The Motorola 6845 CRTC chip is quite versatile, and one of its unique characteristics is that it knows and cares nothing about the resolution or number of colors on the screen. It is just a display address generator, which is meant to provide some external hardware with a memory address that contains data to be displayed at some part of the screen. What to do with this address and data is completely up to the computer hardware, which can interpret it whichever it wants. So there is nothing in the 6845 chip that prevents using it to display 256, 4096 or 16777216 colors on the screen.

aidenn0 4 hours ago | parent | prev | next [-]

I didn't read your comment all the way to the end; later EGA games used similar dithering patterns (Loom[1] was one of the later and most visually impressive EGA games)

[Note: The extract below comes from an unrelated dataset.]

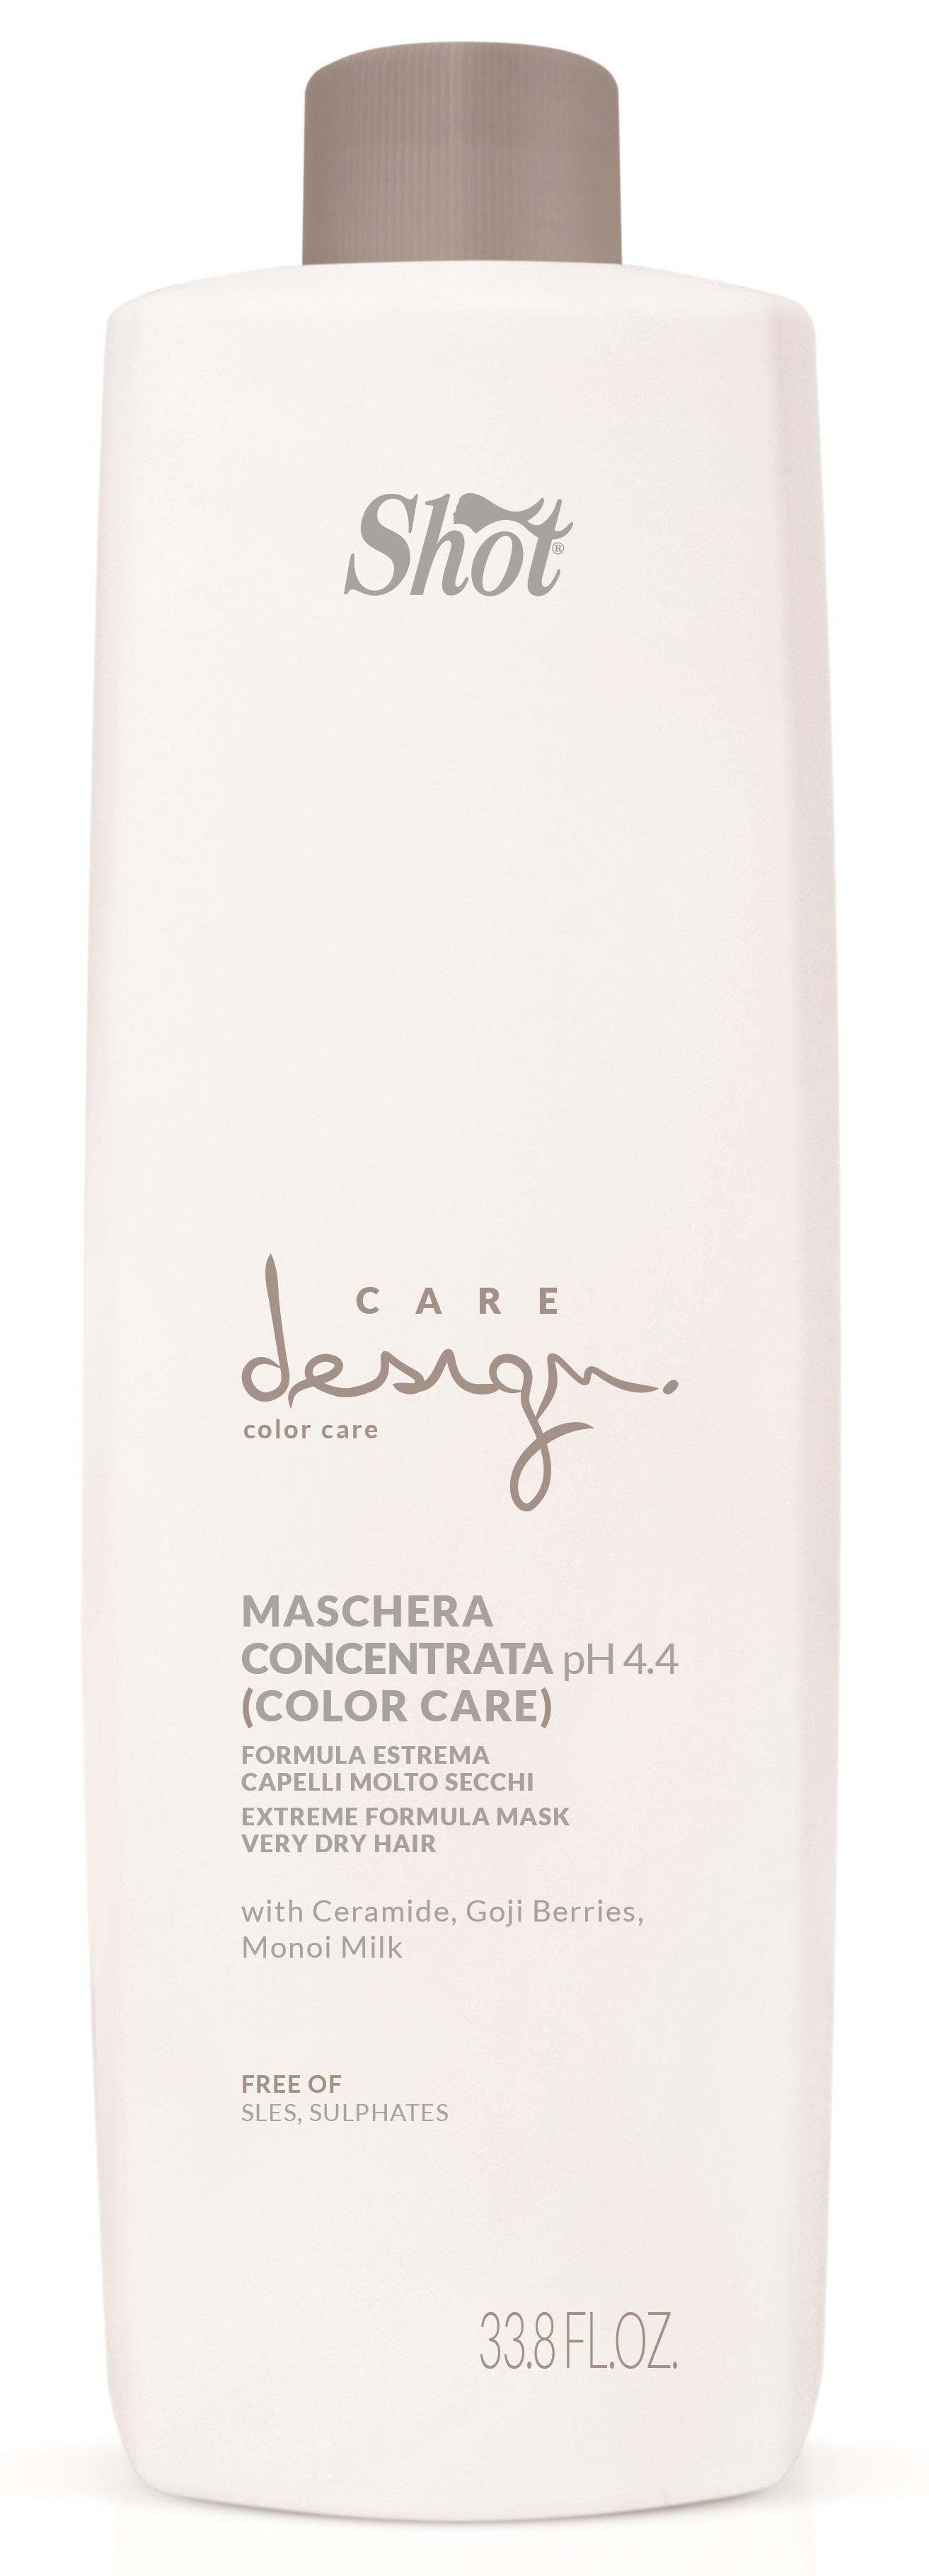 SHOT Маска-концентрат для окрашенных волос / Care Design 1000 мл
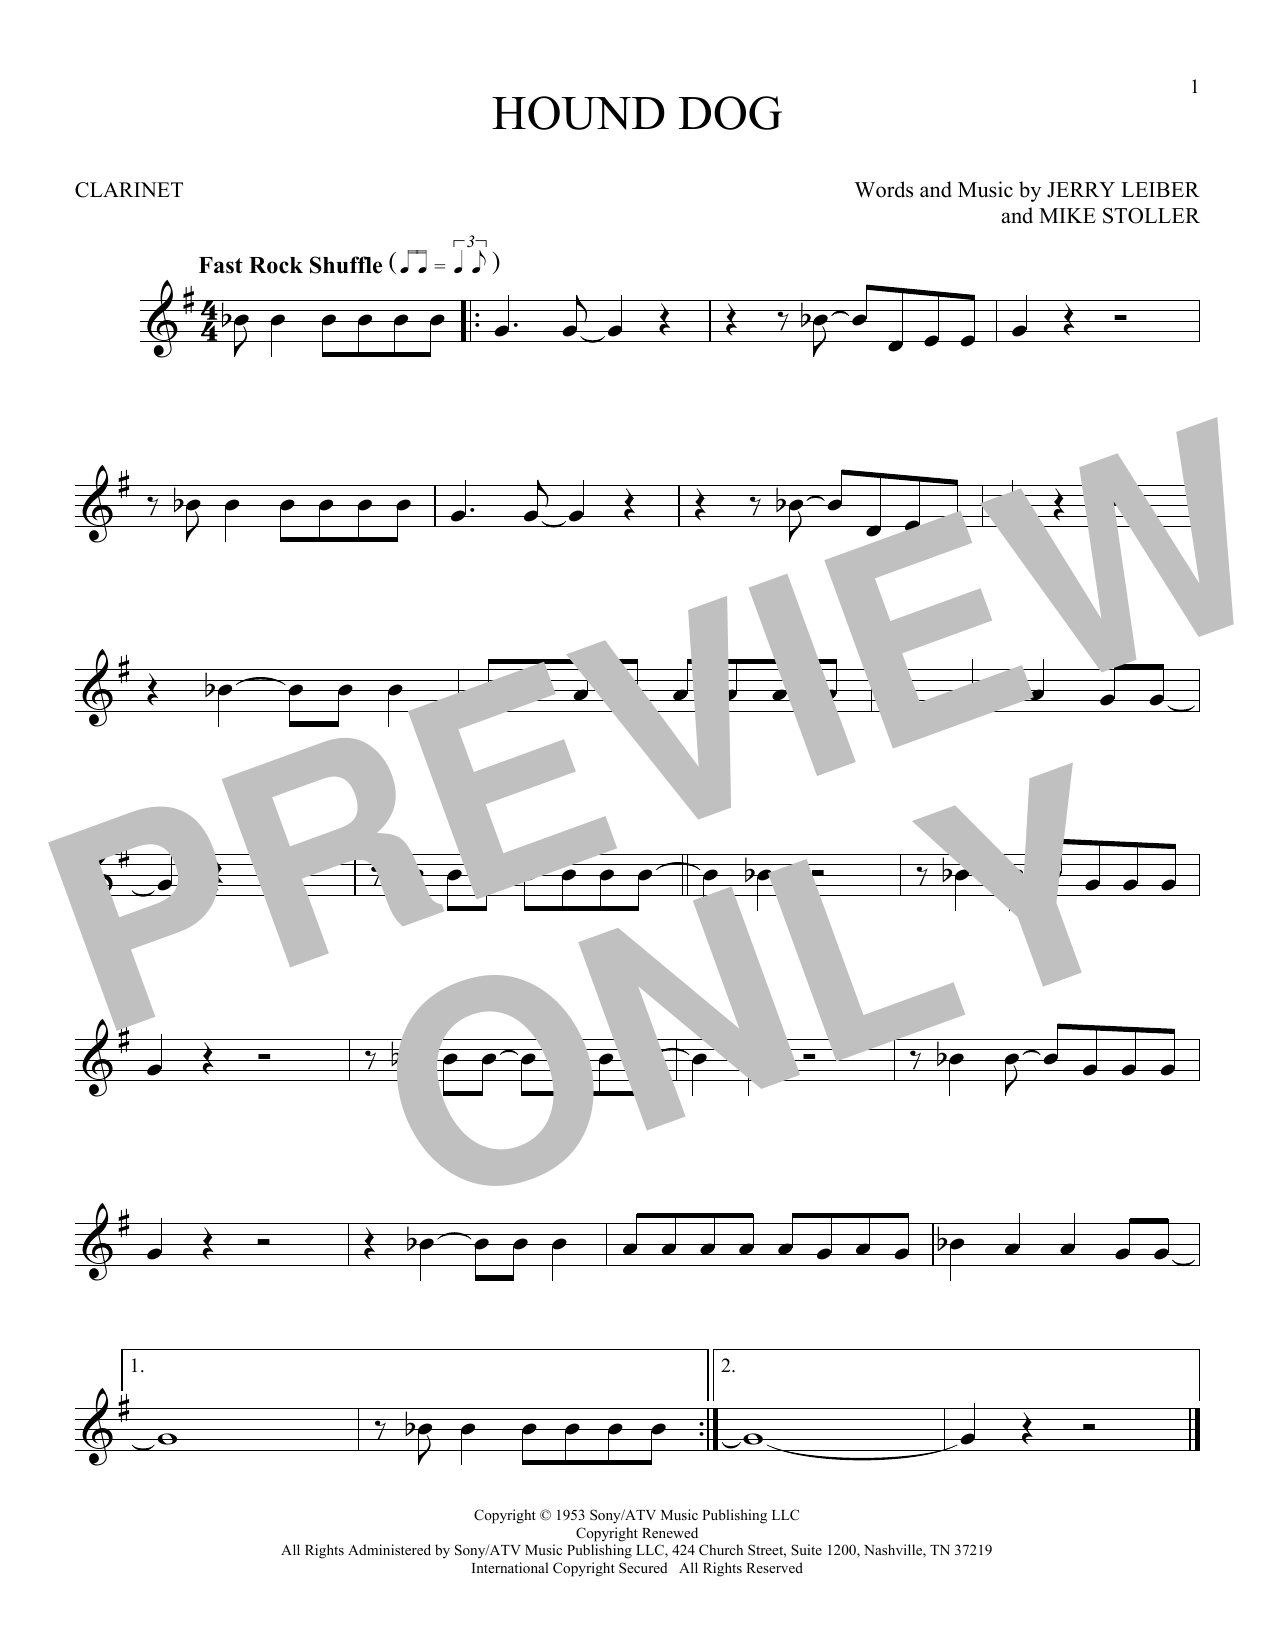 Hound Dog (Clarinet Solo)

1: https://www.superrune.com/tutorials/loom_ega.php

mrandish 2 hours ago | parent [-]

Those Loom comparisons between EGA and VGA are cool. Very impressive work that they did back then. It really highlights how much 16 color palettes forced artists toward simplified cartoon or comic-like representations yet adding just a couple hundred colors enabled the best artists to evoke almost photographic dimensionality, texture and lighting effects.

If you haven't seen it, you might find this site useful. https://en.wikipedia.org/wiki/List_of_color_palettes. I use it as a reference when I'm exploring original retro pixel art from various platforms.

jordibunster 9 hours ago | parent | prev [-]

I remember trying to install Slackware as a 16 year old living as an exchange student in Japan and not getting anywhere. Turns out PC98 needed a patched kernel.